NYSE:MMM    14-Oct-09,75.35,76.93,75.07,76.57,4120300
NYSE:AA     14-Oct-09,14.36,14.38,14.21,14.32,28884785
NYSE:AXP    14-Oct-09,35.27,35.31,34.57,35.09,15329442
NYSE:T      14-Oct-09,26.22,26.25,25.78,25.83,32644760
...

and today, I got the following data:

NYSE:MMM    14-Oct-09,75.35,76.93,75.07,76.57,4121804
NYSE:AA     14-Oct-09,14.36,14.38,14.21,14.32,28920161
NYSE:AXP    14-Oct-09,35.27,35.31,34.57,35.09,15334664
NYSE:T      14-Oct-09,26.22,26.25,25.78,25.83,32660582
...

Notice how the stock prices are the same, but the volumes are slightly higher in my dataset.

Of course the Scantegrity team didn’t do anything naughty here. But let’s be paranoid for a second.

Technically, because I can’t find a way to truly verify the original Scantegrity random-data seed, it’s conceivable that each line in this seed-file could be tweaked to any one of a few thousand values without detection, and thus that the officials could have done an exhaustive search of the hash domain to audit only the ballots they generated correctly, but never the ballots they “purposely” generated incorrectly. Those hypothetical incorrectly generated ballots could be set up to flip the selections of individual ballots in a way that we cannot detect right now, and if those ballots could be handed to people who are known to vote the “wrong” way, then they could be effectively forced to vote the “right” way.

Except, of course, that since each row can be audited with probability 50%, it would be computationally very difficult for a malicious administrator to cheat on more than 50 or 60 ballots. Very, very hard. 100 ballots? For all intents and purposes, impossible with today’s computing power. And then those 50 or 60 ballots would have to be handed to people you *know* are going to vote for the candidate you’re opposing… so in the worst-case scenario, with a very powerful adversary and a significant amount of coordination, this might swing the results by a few votes…..

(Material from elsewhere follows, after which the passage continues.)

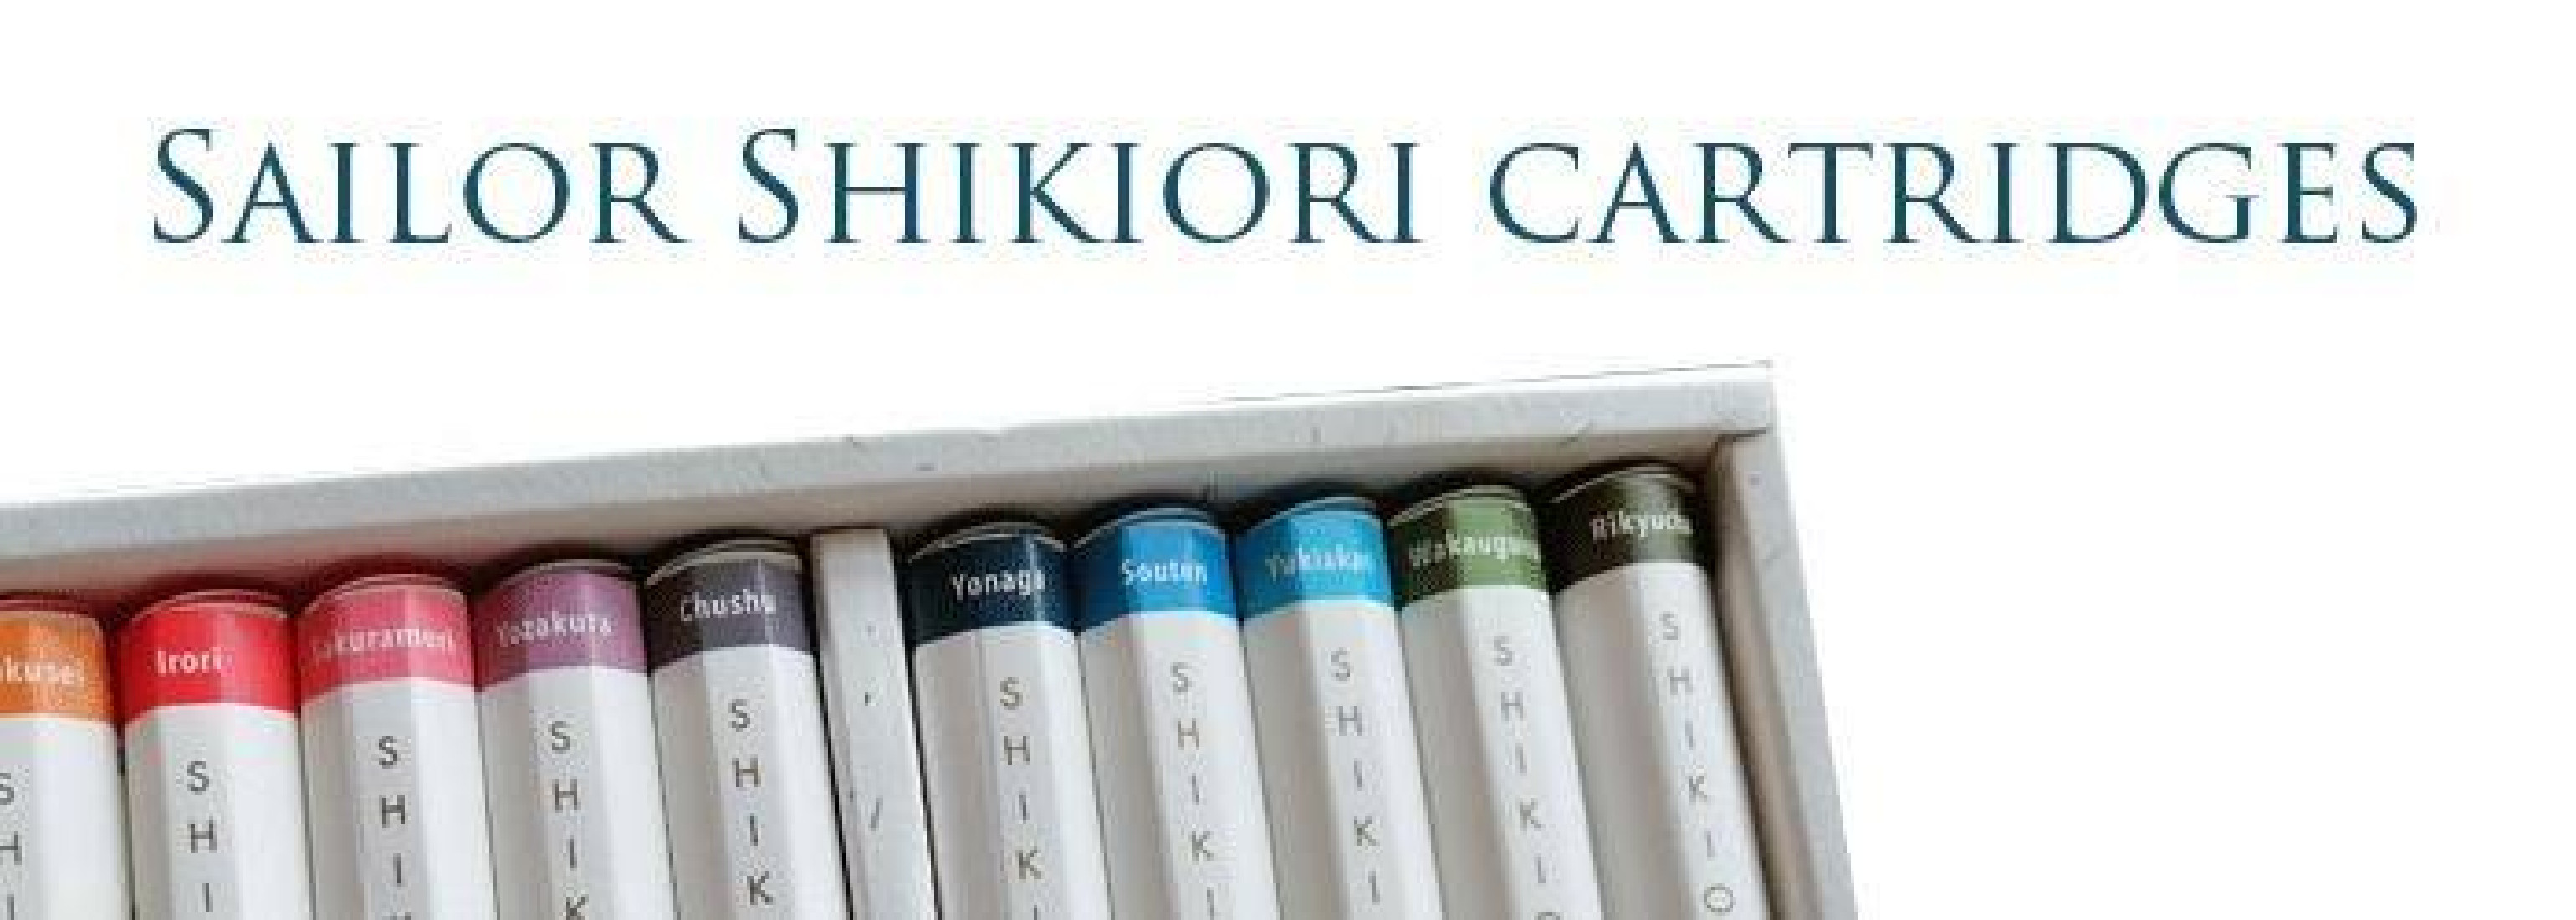 Sailor Shikiori ink cartidge four seasons (summer) 3pcs pack

Except not even that, because there is still a safety net: at the end of the election: the unused ballots will be spoiled and fully revealed. Chances are, if there is any significant number of bad ballots, they will be detected then, and an investigation can begin.

So this is a bit of a weakness, but not one that can realistically enable corruption of the election without detection. And of course, that’s the point: you can never prevent corruption attempts, but with open-audit voting like Scantegrity, you can detect it.

Another little tidbit

Even after this first pass, things still weren’t checking out, so I consulted with the Scantegrity team, and together we realized that the set of challenge ballots had been generated on Windows, but when the same program and random-data seed file were run on Linux or Mac, they generated a *different* challenge set. Why? It has do with carriage-return and line-feeds, and we’re still figuring out exactly how to prevent this in the future… but the point is that, by re-adding in the carriage return characters, everything checked out.

Is this a security vulnerability? No, it’s not, since there are only two possible representations for newlines, the Windows and Mac/Linux ways, so there’s no room to squeeze in any cheating here. It’s just a bug. And here’s what’s always been interesting to me about open-audit voting: your first verification might not work, your second verification might not work, because of annoying little bugs. But you can always iron out those bugs and re-run the verification. Because after all, there might be bugs in the audit procedure, too. With open-audit voting, you can often redo the audit, and when you do get a thumbs-up, you know things are in good shape. That’s powerful.

Conclusion… so far

Meeting 2 is verified… with the caveat that, hypothetically, we can’t be 100% certain that some hanky panky didn’t happen on the randomness generation. That’s okay, though, because realistically, in the worst-case scenario we can imagine, only a small handful of ballots could be affected, and in any case we’ll regain full confidence once we run the spoiled-ballot checker at the end.

One lesson I’m drawing from this: the cut-and-choose proofs based on public randomness are very tricky to pull off, because they can’t be re-done: the ballots are printed, and the challenged ballots are discarded. We can’t go back and re-do the proof of validity of the existing ballots. Since open-audit voting systems are powerful specifically because it’s always possible to undo something bad (re-vote, re-verify the tally, etc…), I wonder if Scantegrity might benefit a bit from a different proof protocol. I don’t know what that would look like yet, though….

In any case, Meeting 2 is verified to my satisfaction.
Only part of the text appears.